╭──

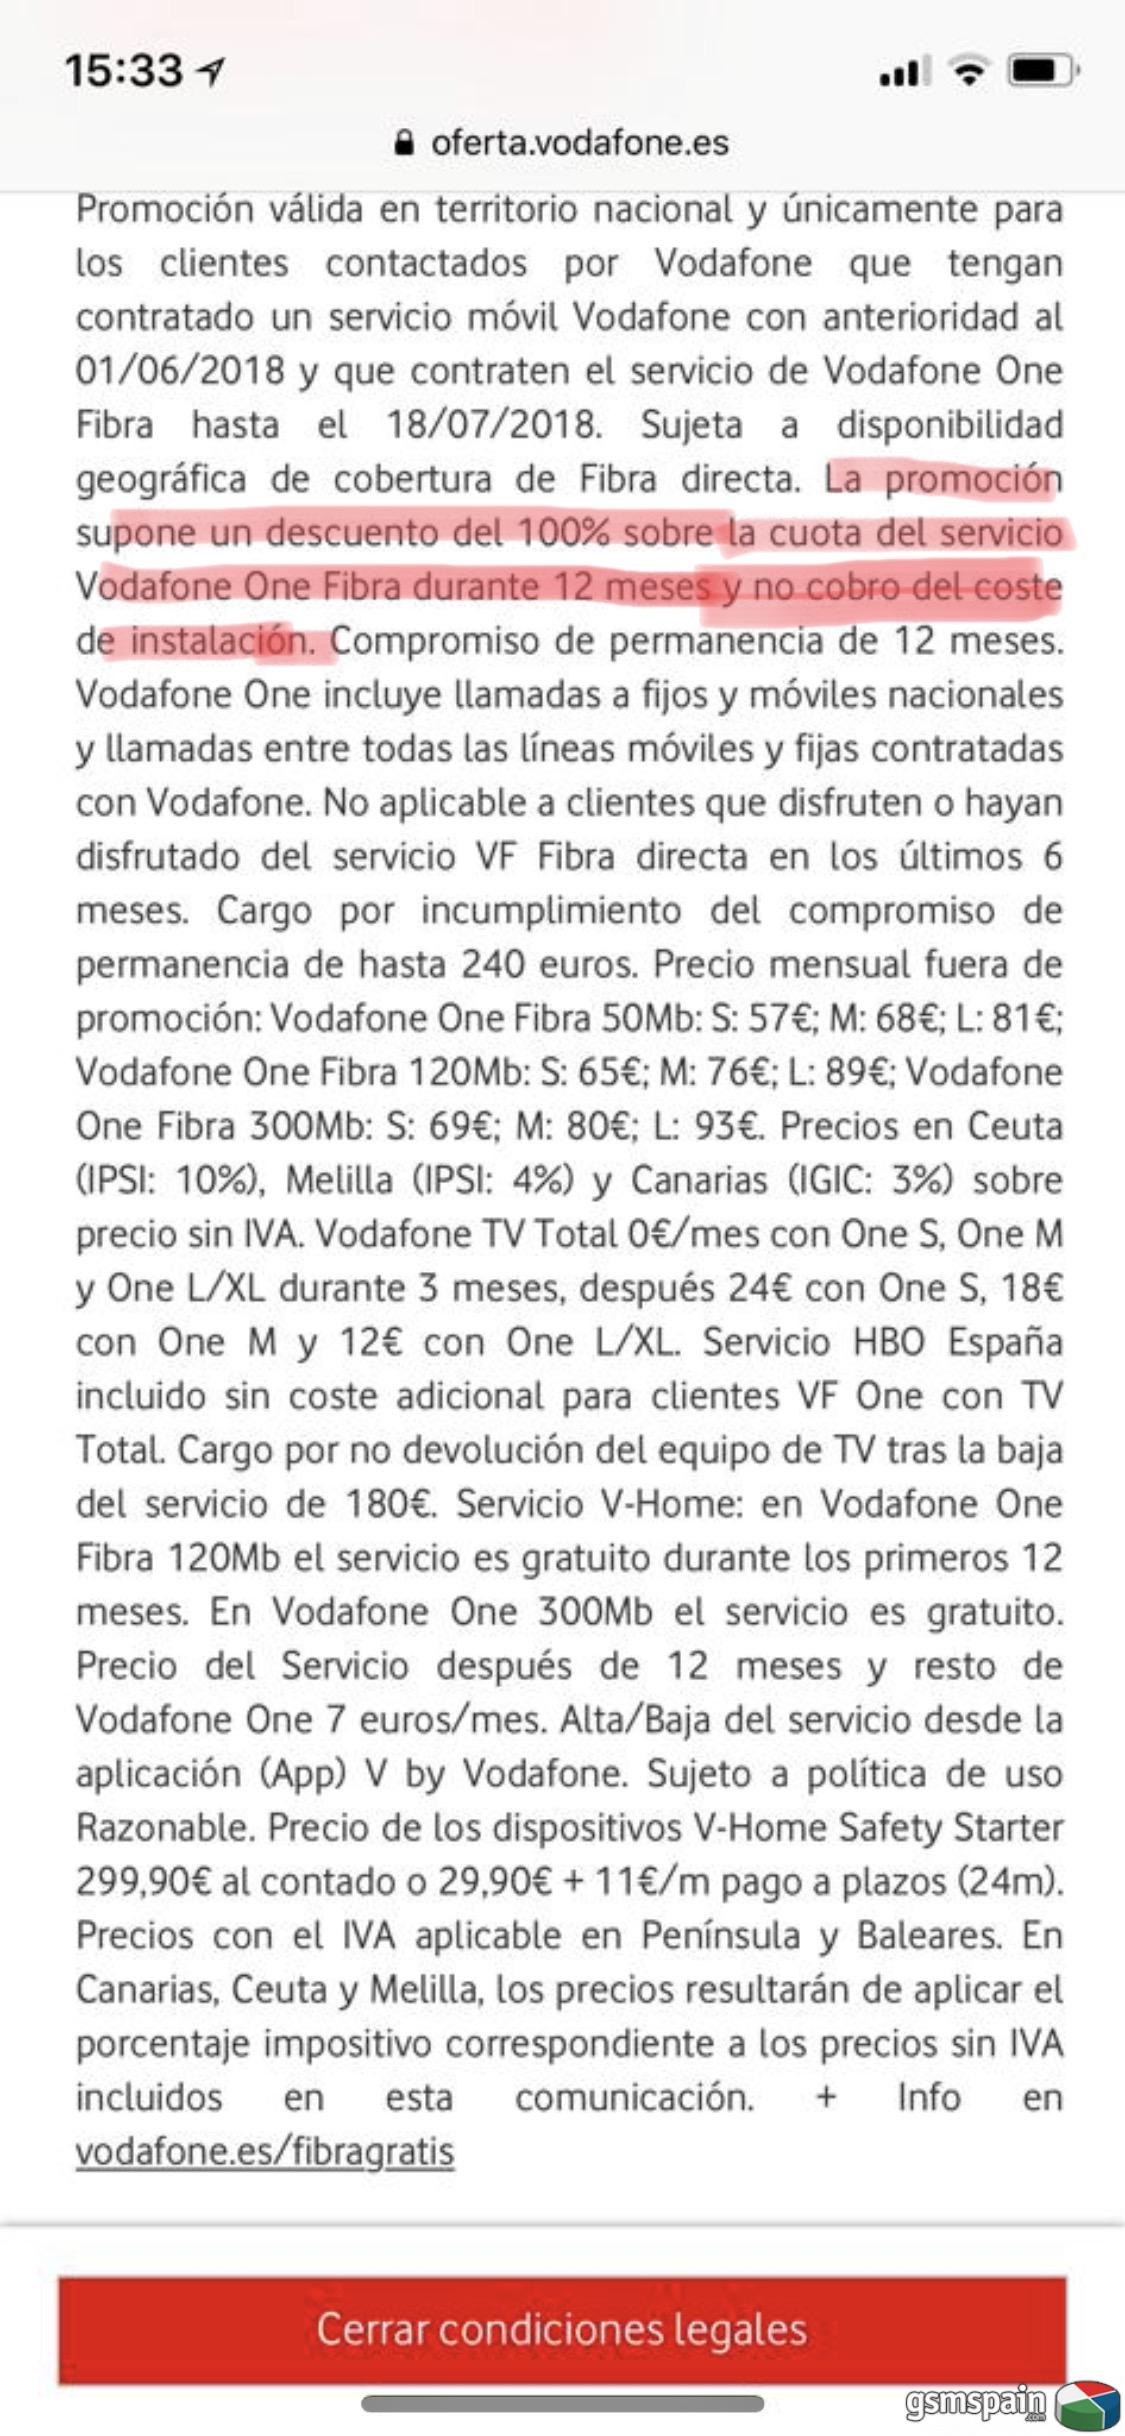 [AYUDA] Problemas con Vodafone no aplica descuentos
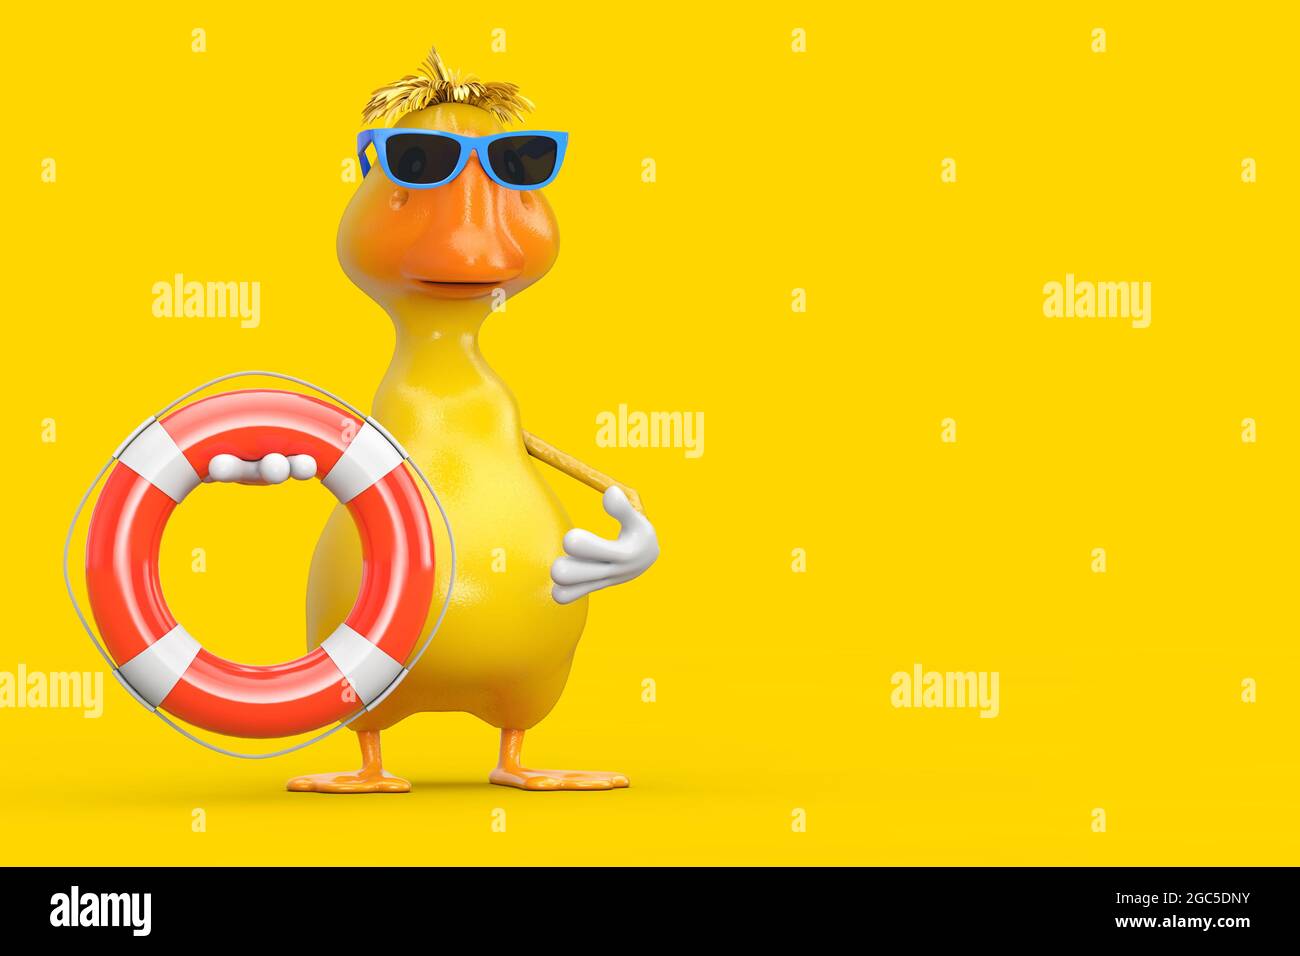 Joli dessin animé jaune personnage de canard Mascot avec bouée de vie sur fond jaune. Rendu 3d Banque D'Images
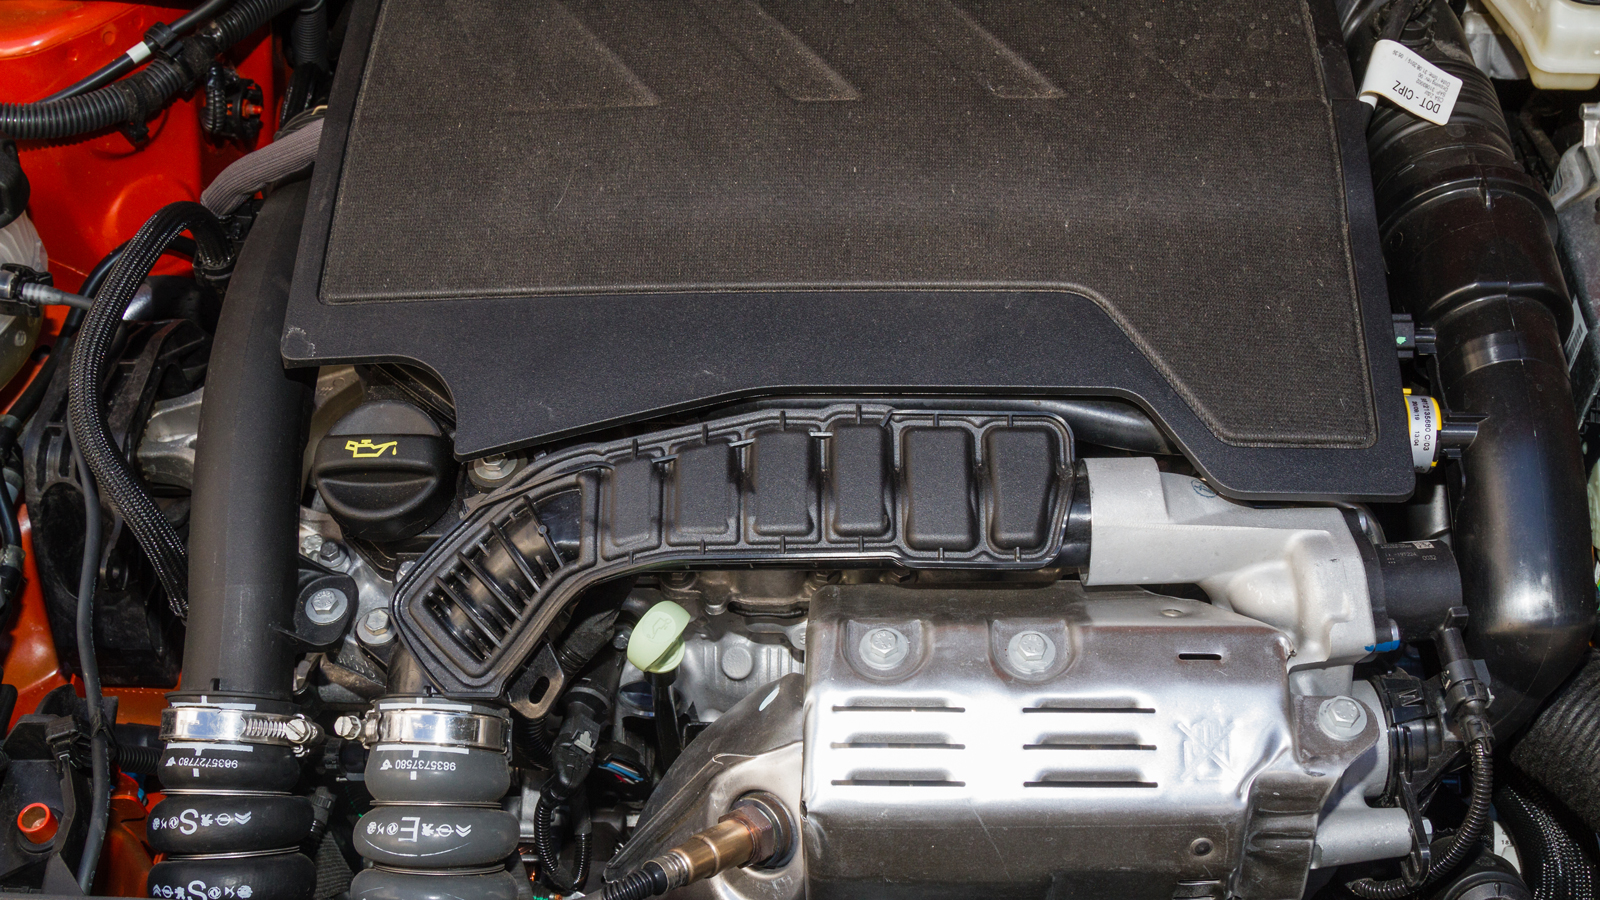 130 ίππους από 1200 κυβικά αποδίδει ο turbo τρικύλινδρος κινητήρας του Opel Corsa

╰──

The answer must consist solely of the lines from the one with "Joli dessin animé" through the final line of the data, each reproduced exactly and with pictures omitted.

Response to the exercise:
 Joli dessin animé jaune personnage de canard Mascot avec bouée de vie sur fond jaune. Rendu 3d Banque D'Images
 130 ίππους από 1200 κυβικά αποδίδει ο turbo τρικύλινδρος κινητήρας του Opel Corsa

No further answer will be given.